Here is the simple query we put out:
For people nervous about public speaking or just plain bad at it, what’s your primary piece of advice you can share? All comments welcome.
The majority of responses to that were along the lines of practice, practice, practice… and be extremely well prepared. That means rehearsing your speech over and over again in front of the mirror of friends and family, and knowing it inside-out so that when it comes time to deliver it, you’re so well familiar with what you need to say that there’s no risk of you tripping up (see this comment, for example).
But beyond that primary and crucial piece of advice, here are some great points various people have made (for each one, I’ve linked to their comment for you to read about it in more detail):
- If looking at your audience directly makes you feel nervous, don’t look directly at them, but rather an imaginary line about their heads (link)
- Treat public speaking like you’re telling a story (link, link)
- Keep an open body and good posture (link)
- Focus on something trivial to get your mind off any fear and anxiety, such as how the floor feels (soft? sticky? hard? slick?) (link)
- Remember that your audience wants you to succeed, and they want to like you (link)
- Do some tongue twister exercises before going on stage (link)
- Utilize breathing exercises before and after your presentation (link)
- Practice with distractions (link) and rehearse for a bad audience (link) to help you be prepared for any scenario
- Try to have fun (link)
- Recognize the value of your voice and why you’ve agreed to speak. When there’s a good reason for you to speak and a deeper purpose, “it’s easier to shift nerves into excitement, commitment, and even passion.” (link)
- Similarly, write out a sentence that declares the following: “I want to (active verb of your choice) my audience.” For example, “I want to convince my audience that this is the best plan.” Or, “I want to inspire my audience to take action.” (link)
When I have to take a stand and start to speak in front of the public I get very anxious. At first, everything seems fine but when I start looking at the people sitting in front of me, see the dozens of pairs of eyes staring right at me, I feel terrified. I use a small trick which helps to keep my nerves under control. I don't look directly at my audience but rather at an imaginary line right above their heads. I smile, gesture, move my head around I seem to be in direct touch with the audience, yet manage to avoid the direct gaze - something that I find the most stress evoking in public speaking.
--Agnieszka Cejrowska, profesjonalne-pozycjonowanie.pl
As cliché as it may sound, it’s all about the mindset and what you tell yourself. Self-talk is so underrated! Whether you are an introvert or extrovert, don’t look at public speaking as something crazy and daunting. See it as a conversation (but its one-sided!)

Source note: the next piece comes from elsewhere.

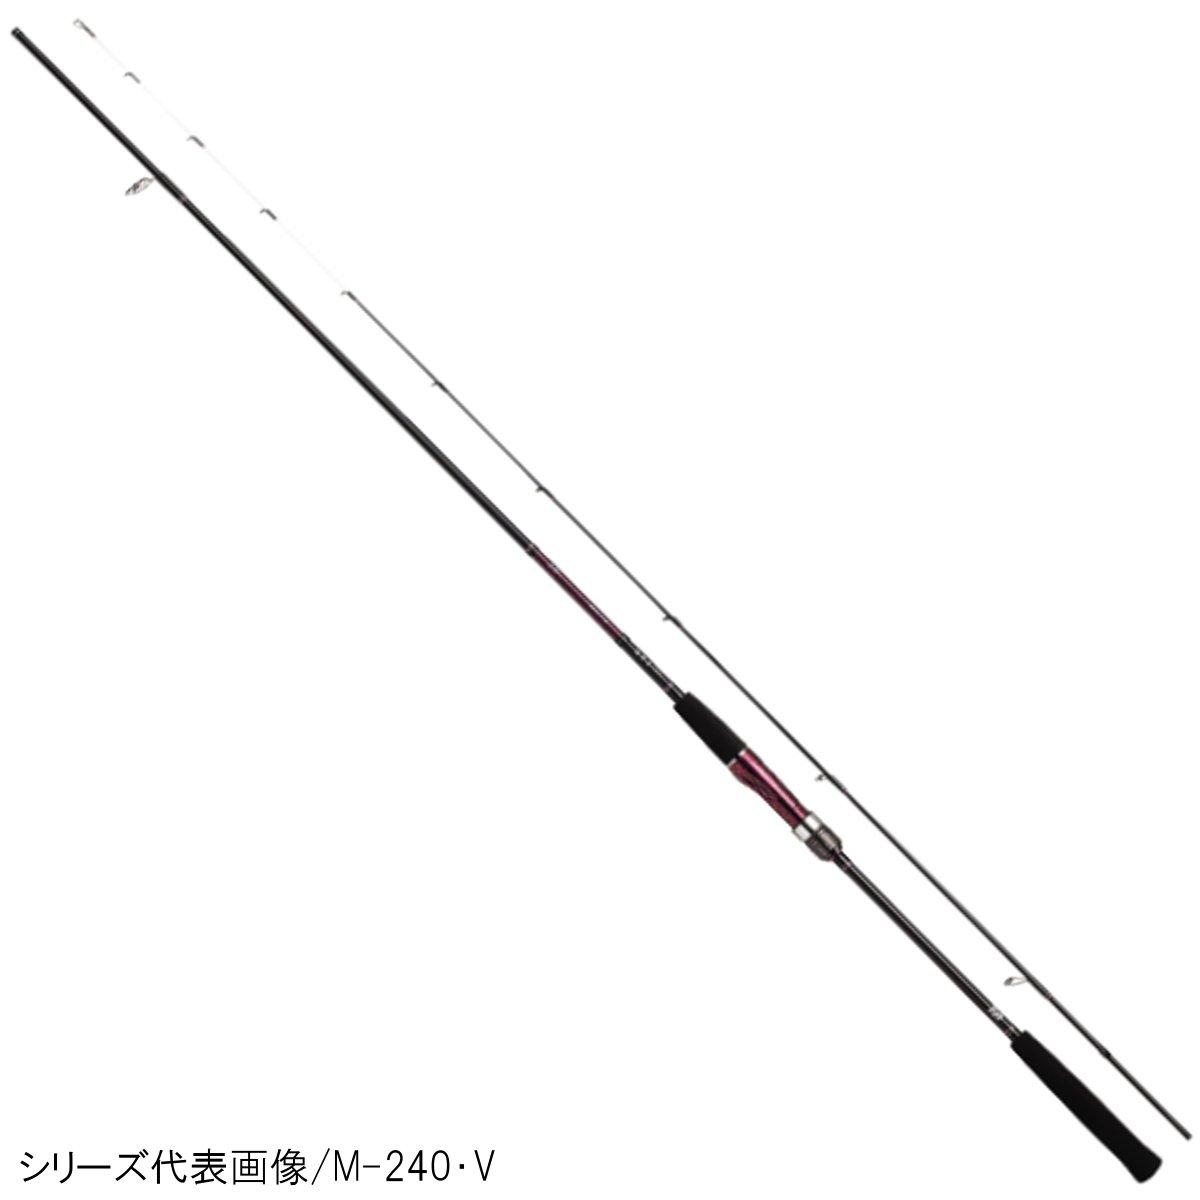 ダイワ 紅牙 テンヤゲーム スピニングモデル H-240・V(東日本店)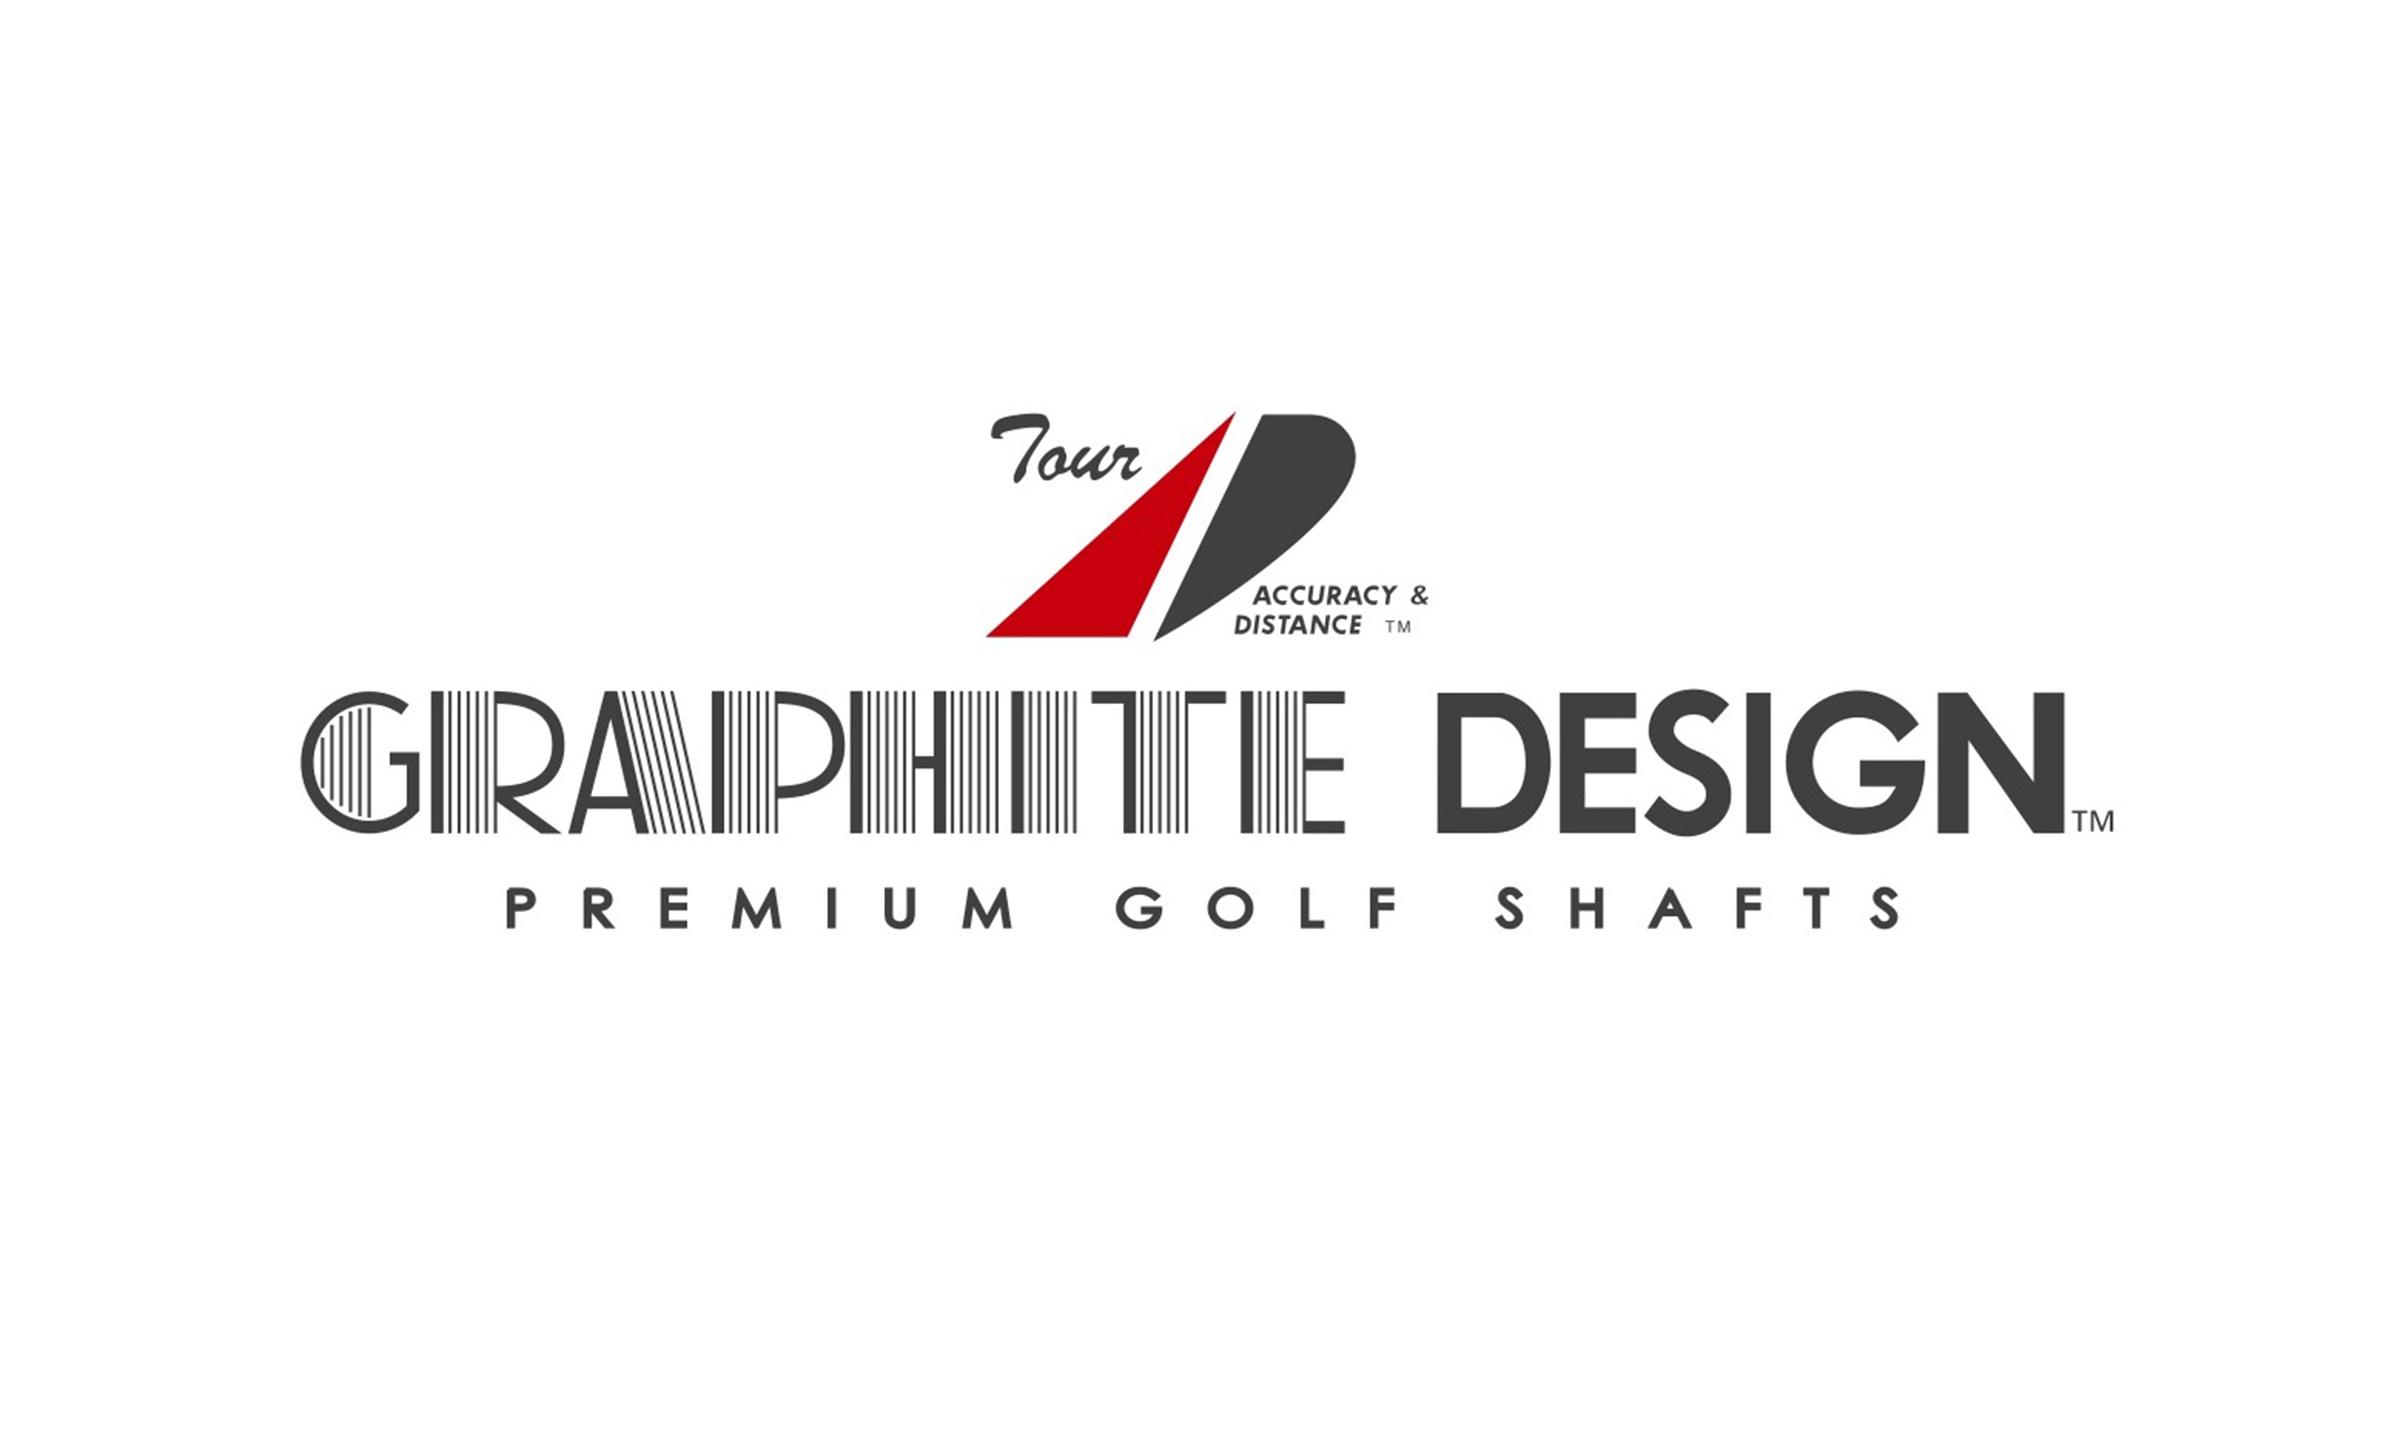 graphite design

I used to stress myself out and literally memorise my entire speech! Obviously, I was super nervous – what if I forget halfway? I knew memorising wasn’t a good idea but I was scared to go up on stage because I feel “unprepared” whenever I don’t memorise. So, I did that for several years until I went to a specific public speaking competition. As usual, I had memorised what I wanted to say. After the event was over, the judge told me… don’t memorise. Don’t carry a script. Treat public speaking like you are telling a story.
Visualise the key points in your heads and just say it like how you will tell your friend. It is much more natural and it won’t seem that intimidating to do!
So, my primary advice is to know your stuff & enjoy yourself. Treat it like a “story-telling” session. It’s going to be okay.
--Sindhu Mohan, Highly Basic
The biggest advice is to keep an open body and good posture. This exudes confidence not just in other people's perception of you, but also in yourself. When you're nervous your body's first line of defense is to curl up, slouch, and protect the guts. That's why you see people bend their back, cross their arms, title their head down, and put their hands together. These are body languages that will keep you from confidently speaking in public. What you need to do is stand up straight, palm facing outward, and looking up. You'll move more confidently, your mood will change, and other people's perception of you will be that of a leader and someone they want to listen to.
--Benjamin N., Full Color Cleaners
1. Be Present: When you are in front of people, your nerves can take control and it is easy to become overwhelmed. My solution? Ask yourself how the floor feels. Is it soft? Hard? Slick? Sticky? That question moves your attention to that feeling and disconnects you from the fear and anxiety you would otherwise have. It makes you feel present as opposed to worrying about the next five minutes or wondering what your audience thinks about you. If you want to be present, connect with the floor.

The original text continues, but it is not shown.